We launch into anything new with two common mindsets: self-doubt or excessive optimism. Both result in a faulty start that leads to bad outcomes. Here’s the solution.
Don’t hide from your vulnerabilities, sticking your head in the sand. On the other hand, don’t go too far the other way and bury yourself in your vulnerabilities, letting them overwhelm you into half-hearted commitment and action.
Instead, be clear-eyed and proactive. What are the major hurdles you will have to overcome? What are the key deliverables that are most at risk, and why? How resistant are people to the necessary change that comes along with this project? How are you going to help them shift?
Be specific to prepare yourself for potential pitfalls.
Inventory your emergency resources.
It is highly likely that you will face hurdles in the first 10% of a project that can throw everything off track. A partner fails to deliver by a drop-dead date. A key team member leaves. A piece of the project turns out to be far more complicated or time consuming than you could have anticipated. A source of support or mentoring disappears. It affects you more than you think it might because you haven’t had a chance to build momentum yet.

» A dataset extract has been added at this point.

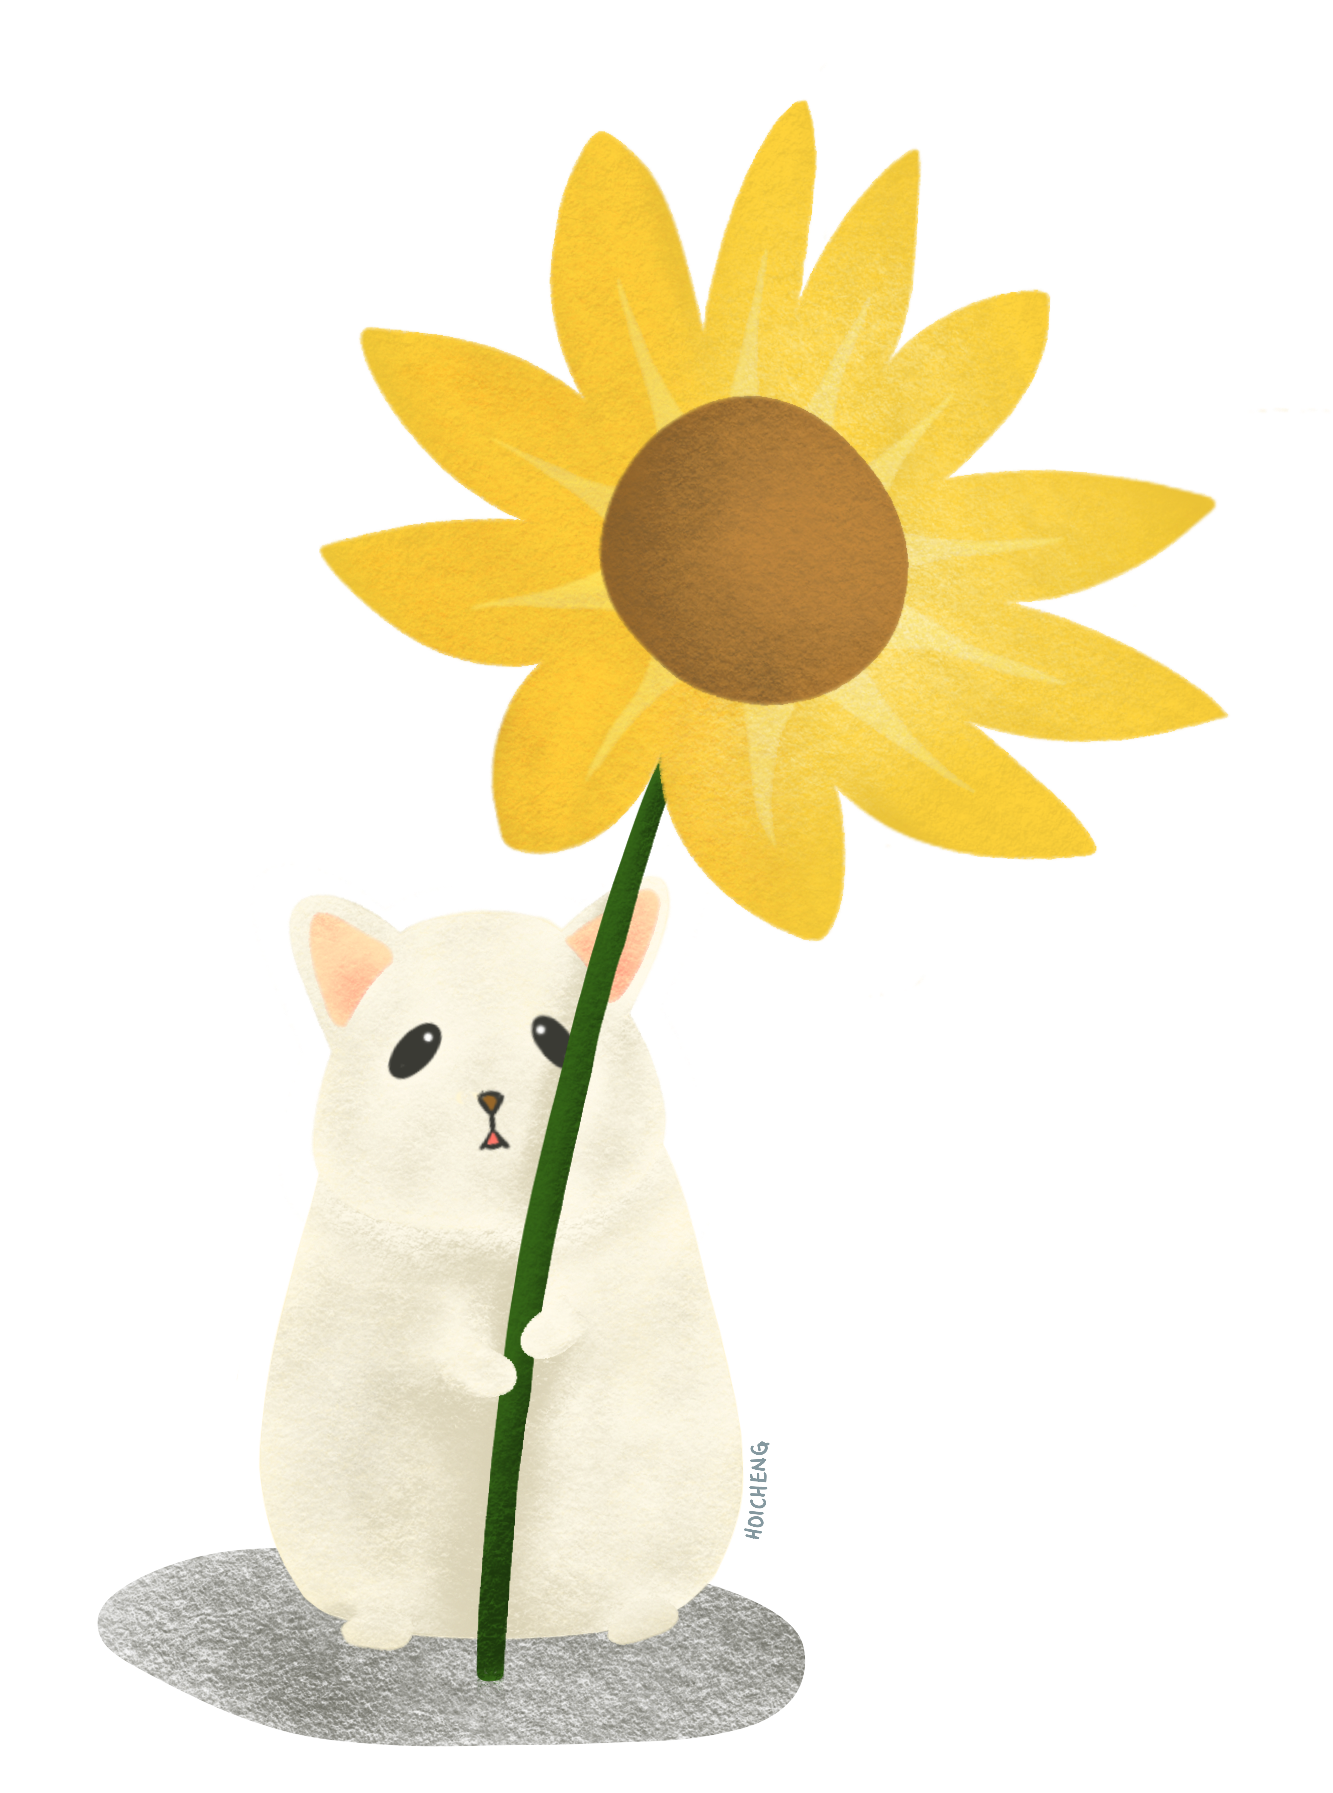 Rabbit holding sunflower

When that happens, you need backup, emergency resources. Protect yourself: create an inventory of “In Case of Emergency Break Glass” resources available to you.
What do they look like? People who could help out in pinch, experts you could call on for a quick consult to help you resolve a problem, or even some extra cash.
Having these resources identified in advance gives you reserve strength and can save time and stress if surprises strike.
Set big daily and weekly goals.
Any project plan should include a handful of big milestones and regular monthly goals or checkpoints. If you’ve read a few of my posts, you also believe in the power of weekly goals when you’re trying to accomplish anything important, especially with a team.
But in the first 10% of a project, weekly goals are even more critical. And for many projects you should break it down even further into daily activity goals. You need an activity blitz to generate momentum.
You can’t leave anything to chance. You are building new patterns of work. You are overcoming friction. You, and your team if it’s a team project, need to shift in order to make the project a priority. And you need to track your progress so that you know whether or not this is happening.
Don’t take the first 10% for granted. Be organized, get it done, get your project off to a solid start.
The payoff when we are rigorous, even maniacal, about the first 10% of a project is that we build the momentum we need to carry us over all the bumps and hurdles to come as the project continues.
Give yourself the gift of a powerful launch.